Why You Would Want to Invest in Cryptocurrencies with Retirement Funds
- Invest in a promising technology: One of the key benefits of investing in cryptocurrencies is the opportunity to invest in an upcoming technology. A well-analyzed investment has the potential to offer long-term returns.
- Low investments: Depending on your investment timing, it is possible to purchase cryptocurrencies at reasonable prices, except the top cryptocoins including Bitcoin or Ethereum etc. If the project performs well, the chances of growth are exponential.
- Leverage the limited supply-demand principle of cryptocurrencies: Cryptocurrencies follow the limited supply-demand principle, allowing their tokens to appreciate with increasing demand. For an instance, the maximum number of bitcoins that can be created is capped at 21 million, and its rate of generation will gradually decrease in the upcoming years. This will help drive the prices higher, offering exponential returns in the process.
What are the Risks Involved in Cryptocurrency Investing?

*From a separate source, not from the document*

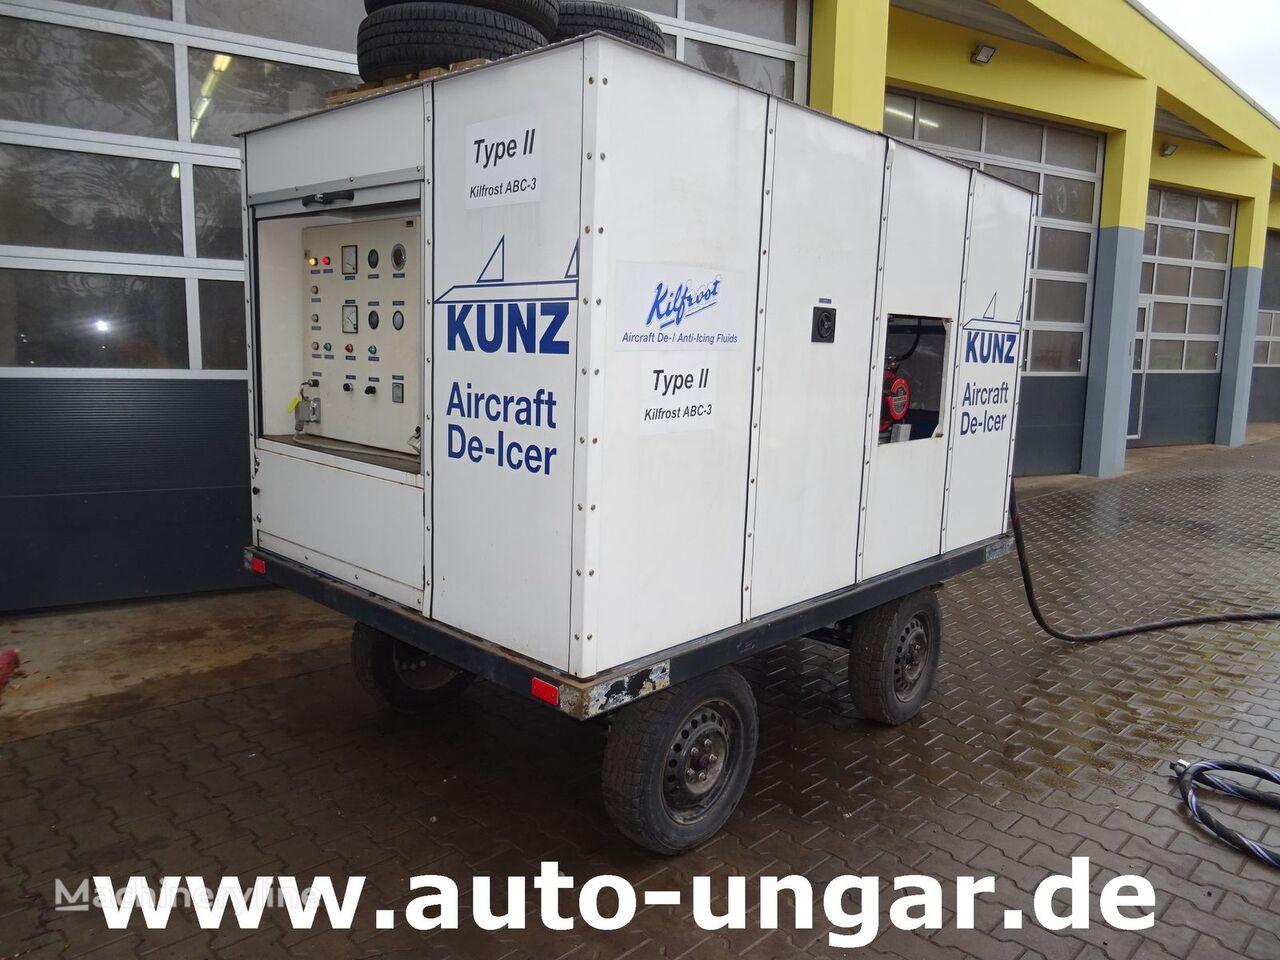 другая аэродромная техника Kunz Aircraft De-Icer Anti-Icer 1200E GSE

- Lacking strict regulations: There are no strict regulations binding cryptocurrencies. Their global presence and decentralized operations make them untraceable and hard to regulate. The SEC has released its latest ruling regarding ICOs (Initial Coin Offerings), which states that depending on the specific “facts and circumstances” of an ICO, the offered cryptocoins might be considered as securities, and hence, will have to adhere to the agency’s regulations. However, stricter regulations for cryptocurrencies are a must to make them a secure investment for regular investors. It is important to monitor legal regulations governing virtual currenciews before you invest in cryptocurrencies.
- Speculative investing: Cryptocurrency investing is speculative in nature. Unlike stocks markets, these currencies are not backed by any product or robust business. In fact, several startups conducting ICOs do not even have a ‘market-ready’ product. Their prices are driven higher on speculative bets of future price appreciation.
- Fluctuating prices: It is normal for the cryptocurrencies to lose 10% or even 20% value within weeks. Their values depend upon their global acceptance, so if their global demand decreases, they are likely to plummet accordingly.
In a nutshell
Cryptocurrencies are in the market for almost 8 years. According to industry experts, they are here to stay, but the key to cryptocurrency investing is to be able to identify good investing opportunities.
Before you decide to invest in cryptocurrencies with your retirement money, educate yourself and find out everything you can about them. After all, you will need real cash to retire, so analyze every investment opportunity professionally.